Дальнейшее она помнила плохо. Кажется, Лидер, с теплотой и болью глядя на нее, передал Нагинату врачу. Кажется, много дней после этого она провела в палате с мягкими, теплыми стенами и отсутствием острых углов. Кажется, Стокер часто приезжал к ней, пытался разговаривать, рассказывал, что уладил все вопросы на ее работе. Наги, кажется, даже отвечала, глядя куда-то поверх его плеча. Она не пыталась сопротивляться тому, что с ней делали.
Спустя месяц медикаментозного лечения Нагината стала реагировать на вопросы и вполне осмысленно на них отвечать. Тогда ей позволили вернуться домой, а немного позже и на работу. Она не стала противиться: пустой оболочке, оставшейся от молодой вдовы, было все равно, чем заниматься. Ее мозг по-прежнему знал, как работать с пациентами, поэтому каждое утро она вставала и шла в консультацию. Вечером возвращалась в пустую квартиру, полную вещей, которые напоминали ей о потере, готовила еду, вкус которой не чувствовала, и устраивалась спать на диване. Двери отгороженной черным стеклом ниши, где стояла их широкая супружеская кровать, она так и не смогла заставить себя открыть.

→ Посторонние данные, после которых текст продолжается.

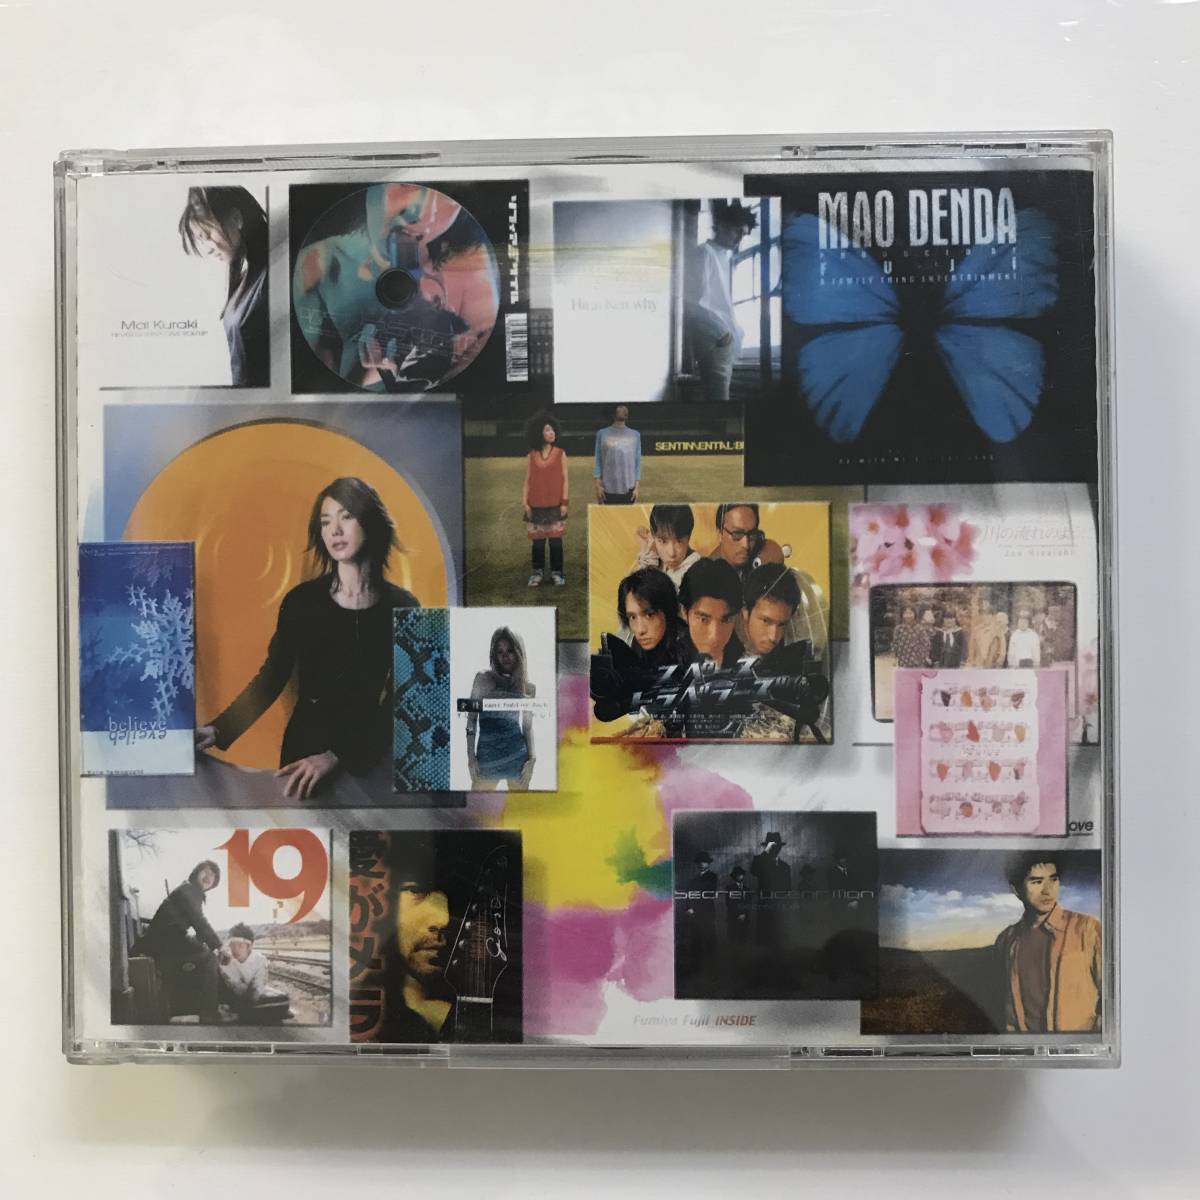 [CD] Мао Денда / Токио сейчас 3CD @SO-38

С уходом Огонька приемы стали ее единственным контактом с миром. Даже с братом да тетей Терри, единственными, кто звонил время от времени, Наги старалась не общаться. На то, чтобы обманывать веселым щебетанием еще и их, сил просто не было.

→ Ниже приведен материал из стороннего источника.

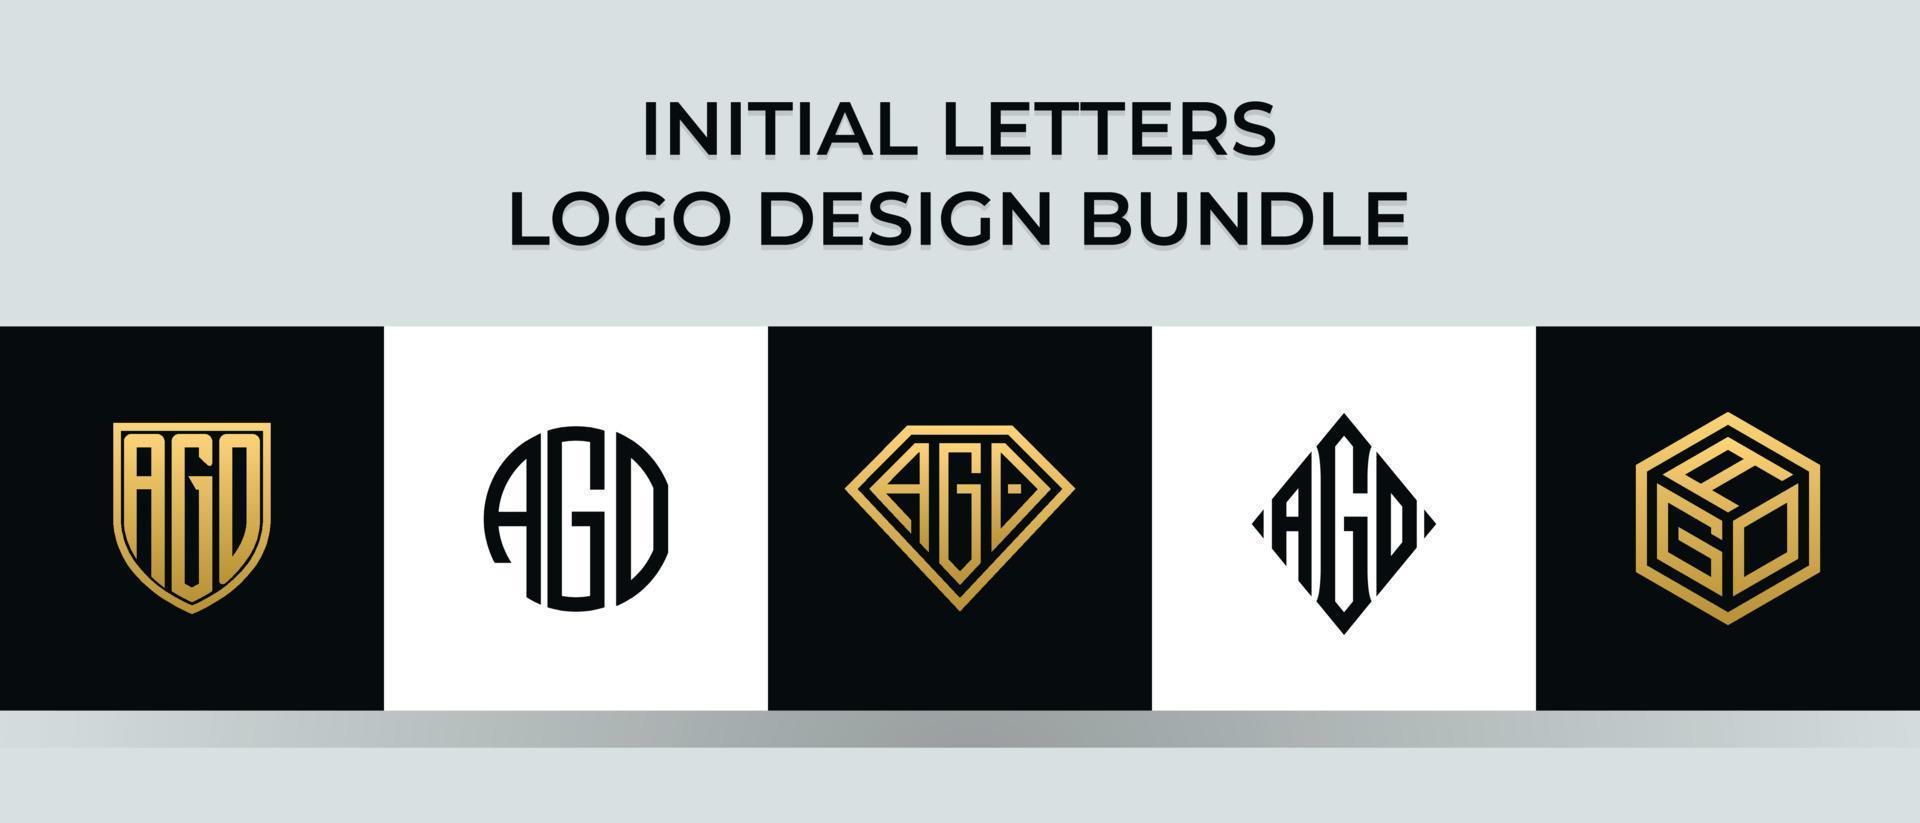 Initial letters AGO logo designs Bundle vector

Нагината оживала лишь на несколько мгновений за день. Каждое утро она открывала тест на беременность, выполняла все, что требовала инструкция, и с замиранием сердца ждала результата. Напрягая глаза, внимательно всматривалась в то, как проявлялась голубая полоска на белом фоне, и молила всех известных ей богов, чтобы показалась и вторая. Перед тем, как Огонек ее покинул, у них был благоприятный для зачатия период, она же все посчитала и даже перепроверила в программах! Они были так горячи друг с другом, столько раз соединяли тела в последние месяцы, так жарко отдаваясь страсти! Муж ее все это время был совершенно ненасытен: мог взять несколько раз за ночь, мог приехать днем к ней на работу и, будто вернувшись в то время, когда лишь учил познавать грани близости, увозил в горы подальше от глаз. Там, даже не раздев, он овладевал своей женщиной прямо под открытым небом. Он столько раз любил ее так, будто она была единственным, что держит его в этом мире!.. И Наги никак не могла понять, отчего же тест все еще упорно показывает всего лишь одну полоску? Огонек ушел, но он был должен — просто обязан! — оставить ей того, ради кого она найдет силы жить, кому сможет дарить тепло, кто никогда не оставит ее в одиночестве!